Speech Title: Multimodal Information Fusion and Intelligent Perception for Unmanned Systems
Abstract:In recent years, with the rapid rise and development of deep learning, supervised learning based on large-scale labeled datasets has achieved breakthrough performance in specific computer vision tasks under closed scenarios. However, the performance of such methods is gradually saturating, and their further advancement faces challenges posed by real-world open environments. To address the critical need for multimodal fusion and perception in unmanned platforms operating in complex field environments, our research focuses on fundamental issues such as few-shot learning, weak supervision, multi-source heterogeneity, and cross-domain adaptation. These efforts aim to provide technological support for intelligent perception and autonomous decision-making of unmanned platforms in challenging environments.
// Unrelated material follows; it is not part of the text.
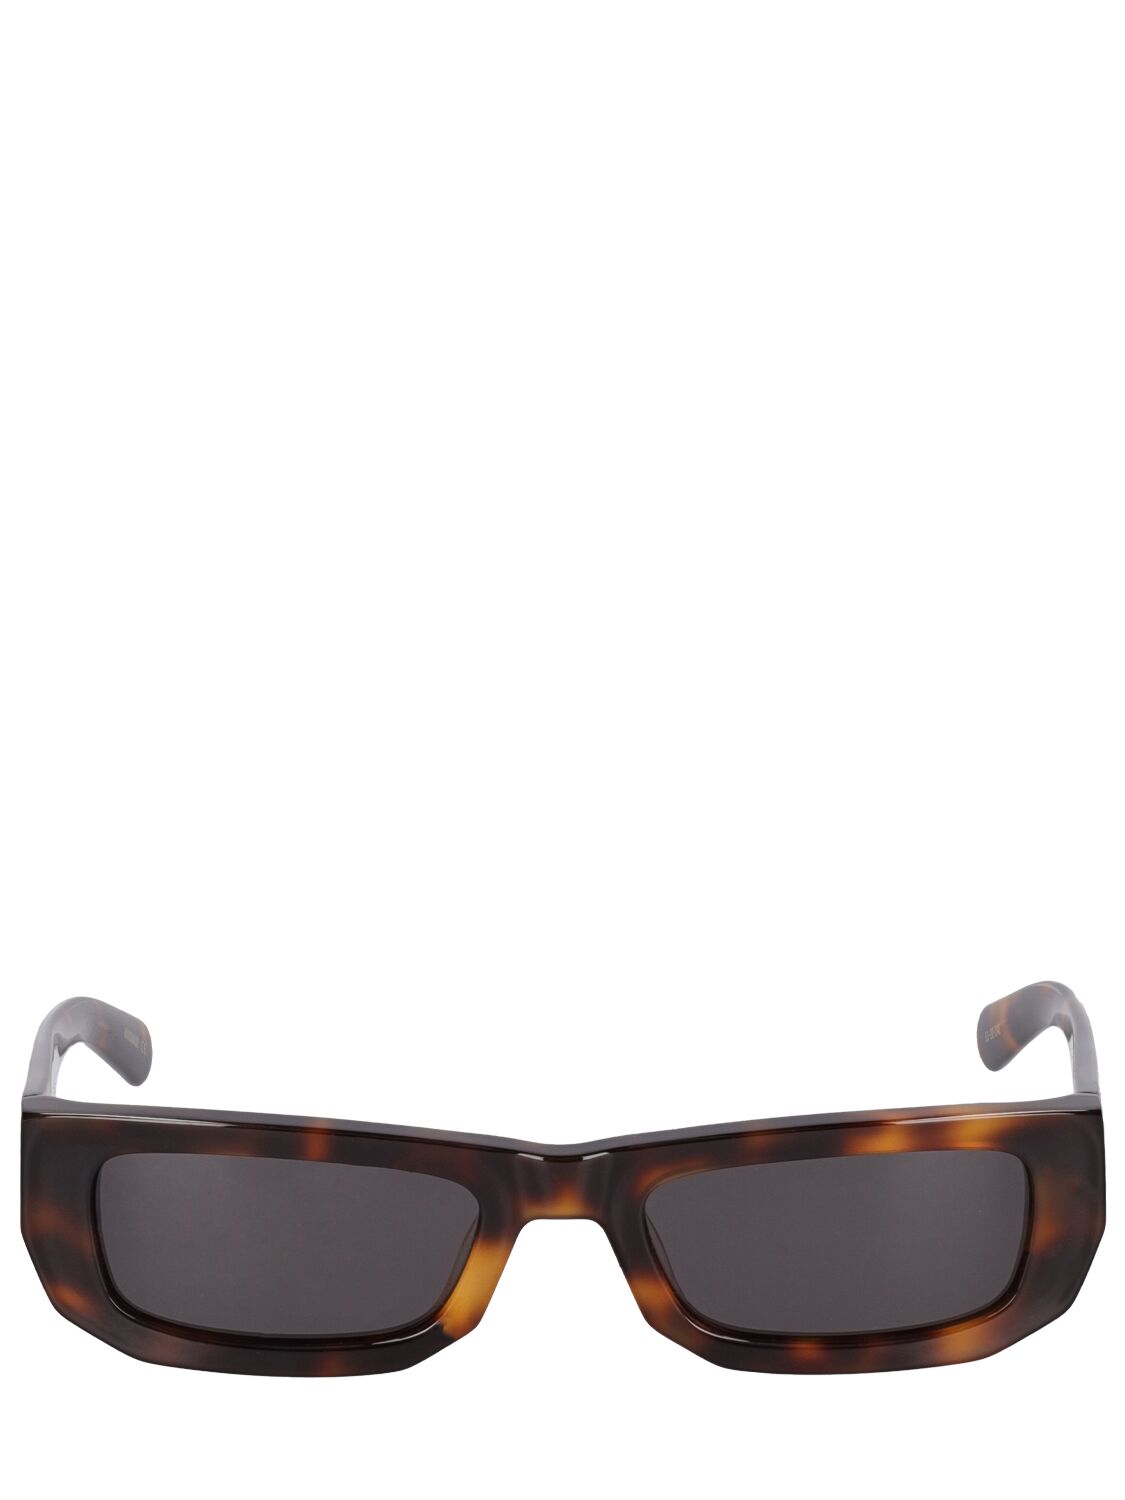 Flatlist Eyewear Bricktop Sunglasses In Brown

This talk will highlight our recent research progress on multimodal information fusion and perception in open-world scenarios.
Na Luo
Institute of Automation, Chinese Academy of Sciences, Assistant Professor
Biography:
Na Luo, Ph.D., is an Associate Professor at the Institute of Automation, Chinese Academy of Sciences, a Master's Supervisor, and Deputy Director of the Beijing Key Laboratory of Brainnetome and Brain-Computer Interface. She also serves as an Adjunct Professor at Taiyuan University of Technology. Her research primarily focuses on multimodal fusion and its application on precision diagnosis and treatment for psychiatric disorders. She has led multiple research projects, including those funded by the National Natural Science Foundation of China, sub-tasks of the National Key R&D Program, and the Postdoctoral Science Foundation. Dr. Luo has published over 30 high-impact papers in prestigious journals, including Trends in Cognitive Sciences, Ebiomedicine, and the British Journal of Psychiatry. Additionally, she serves as a Committee Member of the Brain Atlas Committee of the China Society of Image and Graphics (CSIG) and Secretary-General of the Brain Science and Artificial Intelligence Committee of the Chinese Association for Artificial Intelligence (CAAI).
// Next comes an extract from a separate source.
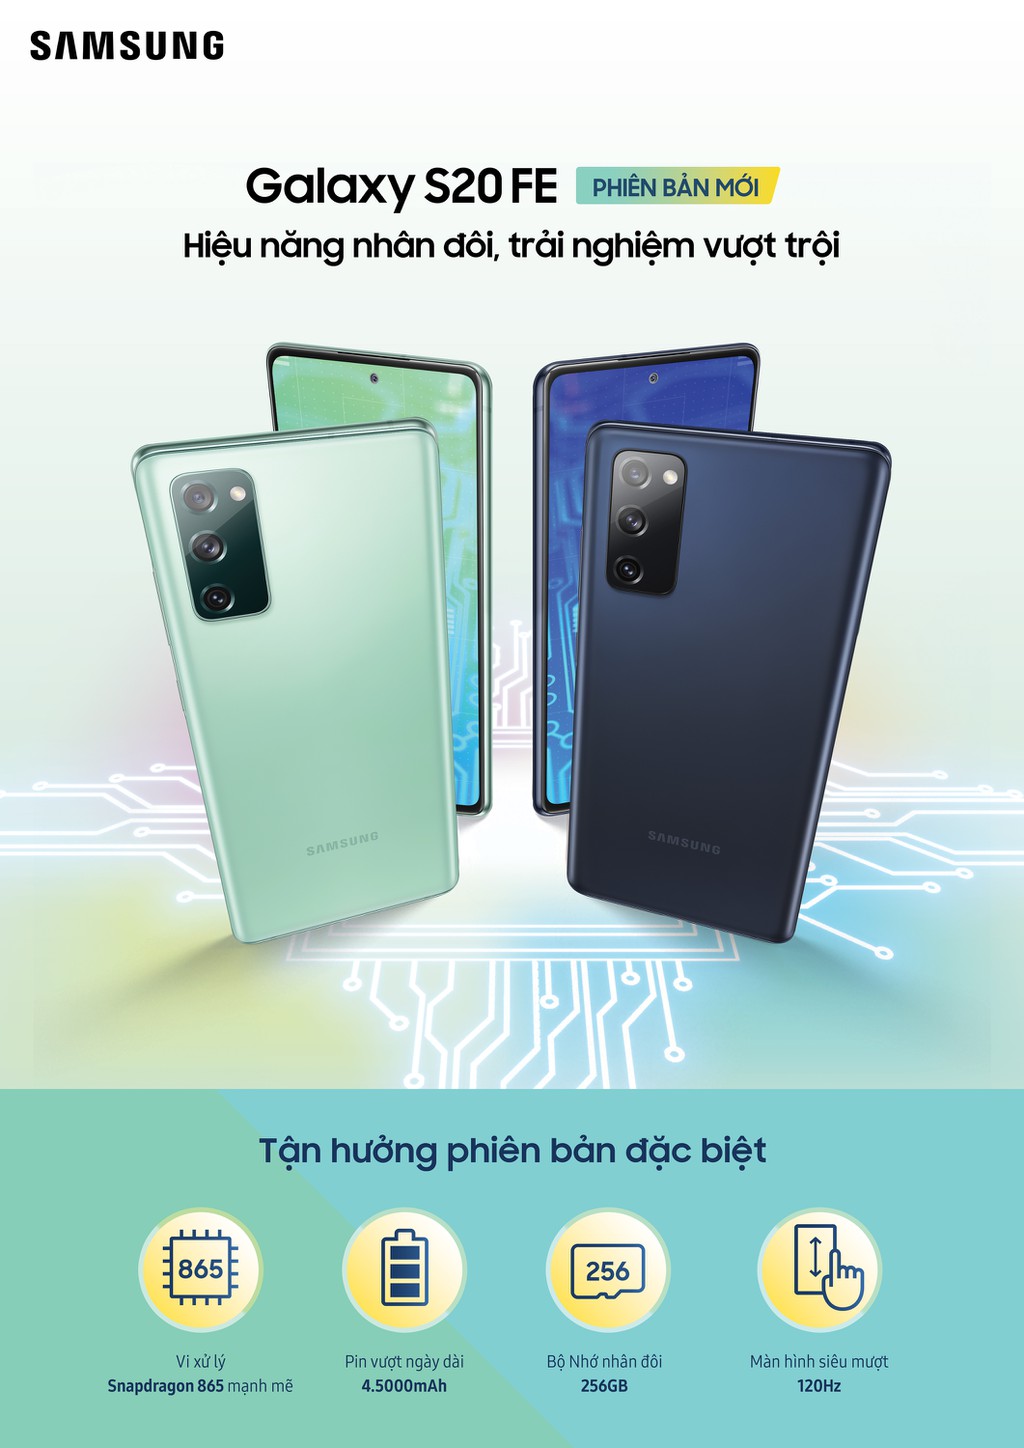 Samsung ra mắt Galaxy S20 FE fan Edition tới người dùng Việt giá hấp dẫn 15,5 triệu  ảnh 1

Speech Title: Multimodal Brain Information Integration and Its Applications in the Diagnosis and Treatment of Brain Disorders
Abstract:Early diagnosis and precise intervention for psychiatric disorders have consistently been among the most challenging and critical areas of clinical research. Multimodal fusion methods, capable of integrating cross-modal, multi-source heterogeneous information—such as brain structure, brain function, and genetics—provide a vital perspective for intelligent diagnosis and treatment of psychiatric disorders. This presentation will first summarize commonly used multimodal fusion methods, as well as how to integrate multimodal information to construct a digital twin brain. Finally, it will explore the applications of multimodal fusion methods in identifying diagnostic biomarkers for psychiatric disorders and determining neuromodulation therapy targets.